Living on a yacht in close community is not an easy thing to do. Crew members have to get on with their ‘new family’ and live in close quarters with long hours and very little privacy.


Employers should look for people with a can-do attitude and a smile. It’s also important that they be flexible, friendly and discreet.

Since the clients will spend a lot of time with the crew on board, some of them will expect the crew to be outgoing, and some clients would prefer to deal with a barely noticeable crew. [The crew] must be sensitive to this and flexible, understanding the boundaries to be crossed and not. Friendly but discreet.


Finding Staff

There are three ways to crew a yacht. One is by referral.

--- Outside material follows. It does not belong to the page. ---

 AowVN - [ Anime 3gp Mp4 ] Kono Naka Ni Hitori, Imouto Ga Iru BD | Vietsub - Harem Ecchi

Other yacht owners may have a captain or chef to recommend, it’s sometimes the easiest; it’s not always the most reliable.

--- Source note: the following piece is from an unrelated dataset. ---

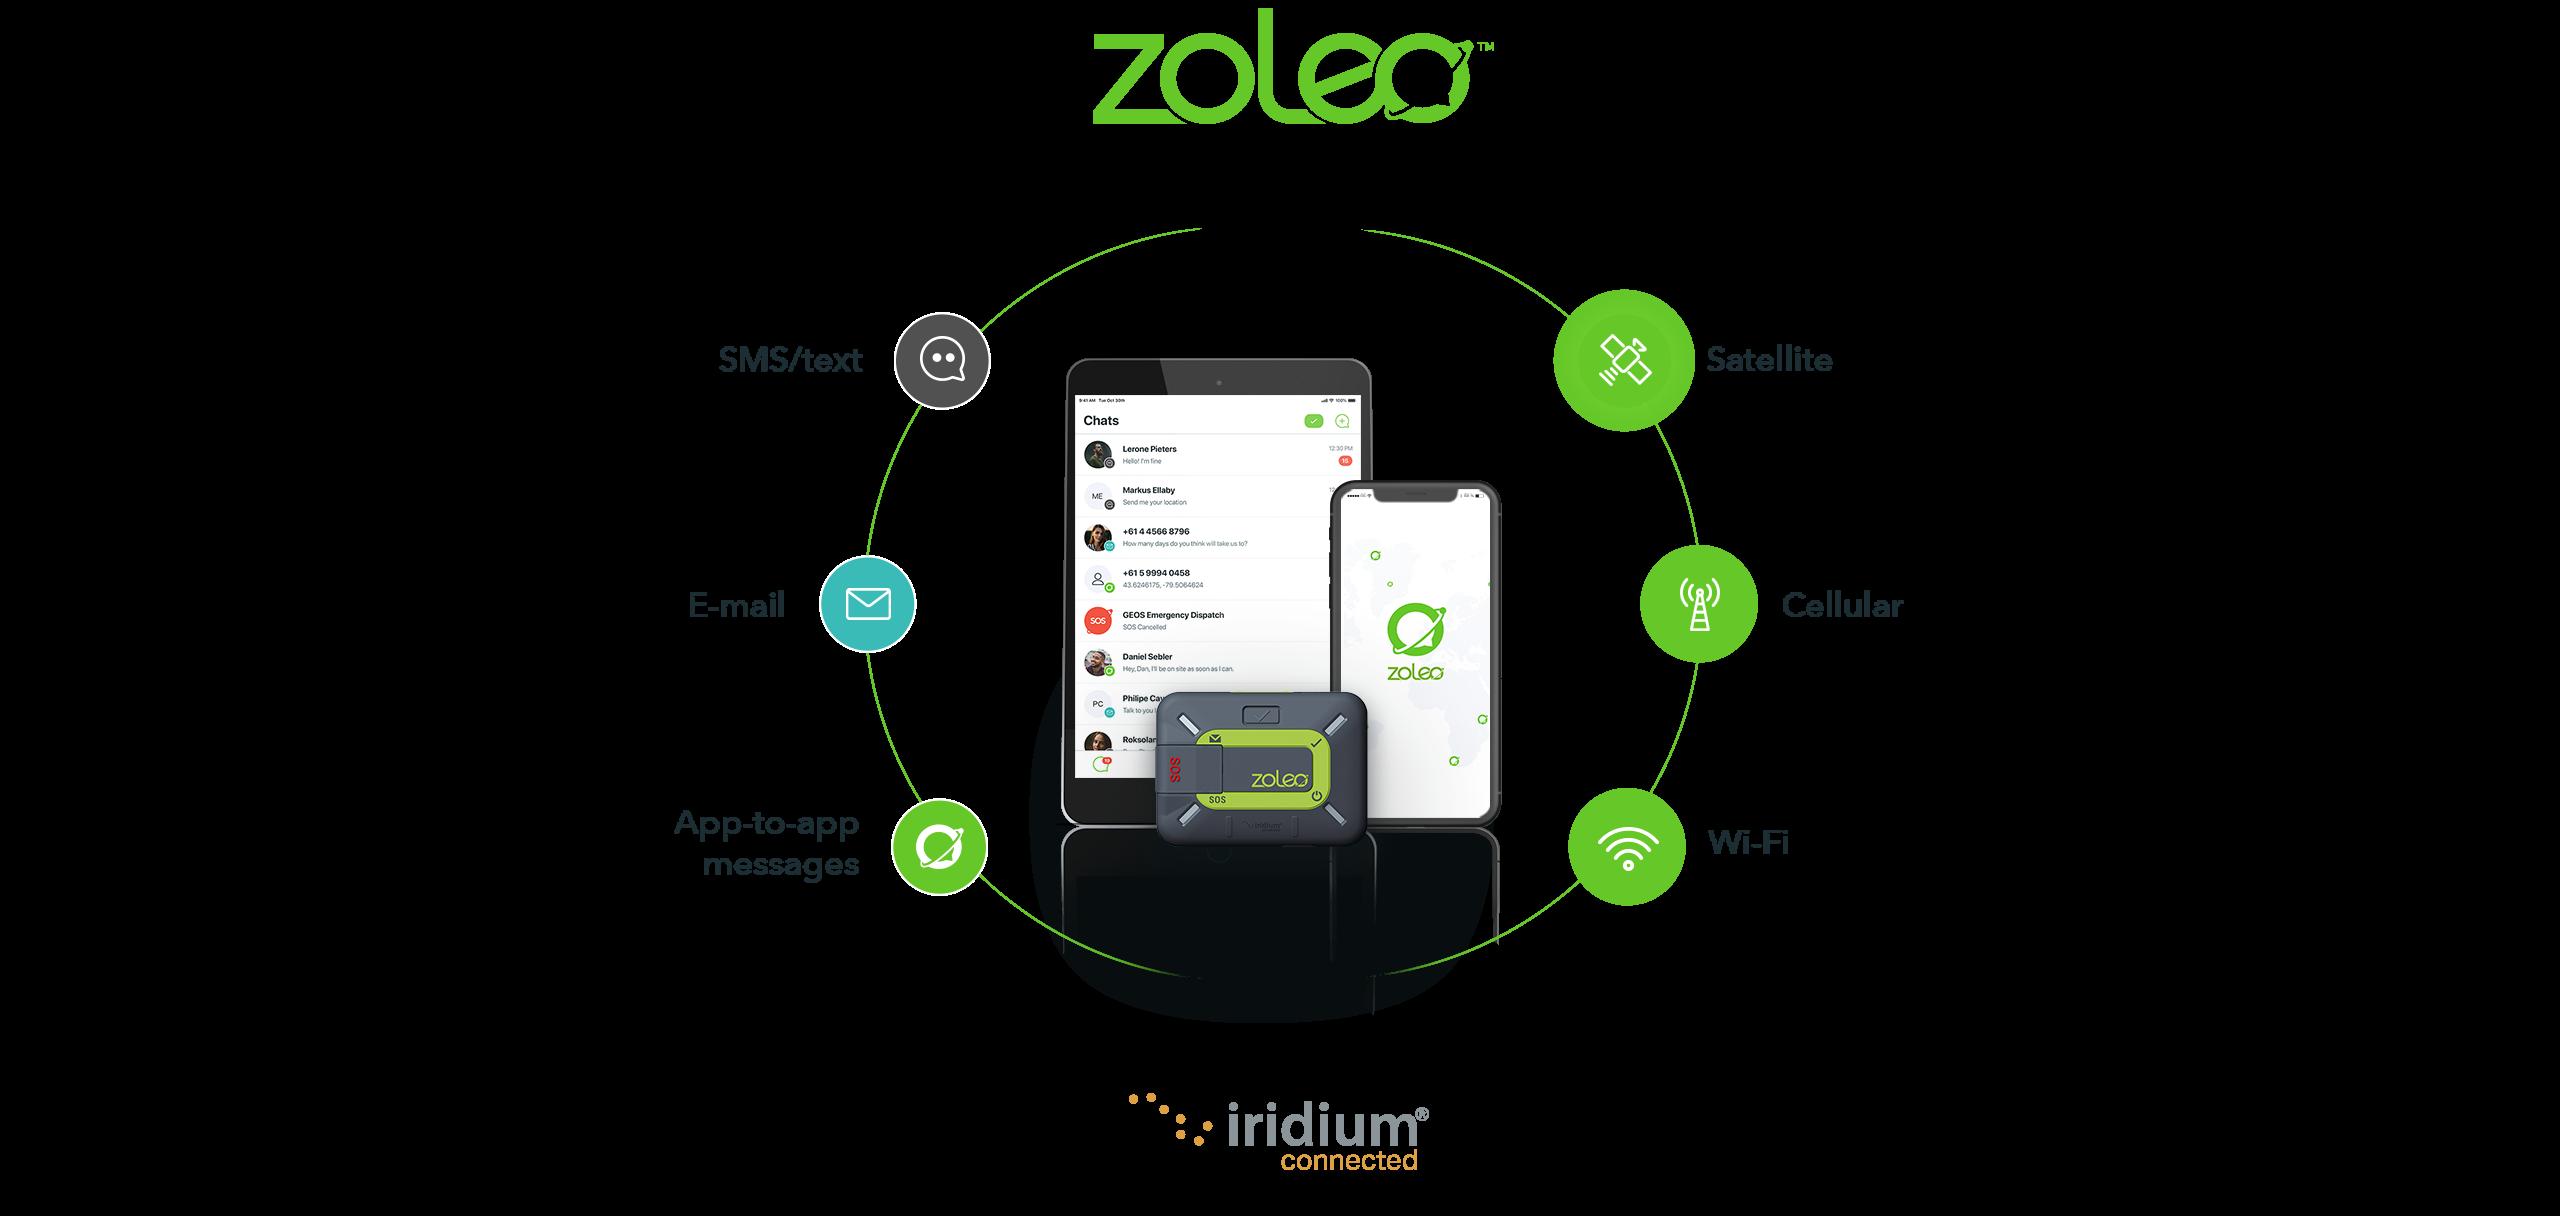 ZOLEO How It Works

The key is to understand what kind of experience the potential crew member has. There’s an enormous difference between crewing a sport-fishing boat and a 130- to 140-foot yacht.

There are also resume-hosting services for yacht staff. Potential employees post resumes; an employer searches the database for the positions he or she is looking to fill. The DIY process is time intensive, but less expensive than using a recruitment service.

These services vet all potential crew members, checking references and acting as a matchmaker of sorts between yacht owners and the crew.

Personality is huge in choosing crews that will work well together.

Training is also a big part of hiring a crew. That includes safety training for everyone, regardless of position, which is required in international waters. Recruitment services make sure their members are up to date with these requirements.


The cost of the crew is about 35% to 40% of operating costs of the entire yacht. That includes salaries, training, transportation and basic essentials, as well as any special uniforms or accessories that may be required by the yacht owner.

And lest anyone be tempted to only crew the yacht when it’s being used, experts said it can’t be done. It’s possible to do without the interior staff if there are no guests aboard, but if the yacht is in the water, the deck and engineering crew must stay with it. They need constant maintenance not only to protect bespoke wood finishes and marble in-lays, but also to make sure the boat itself doesn’t rot in the corrosive salt water.

The worst thing to do is fire the crew, the boat will be gone.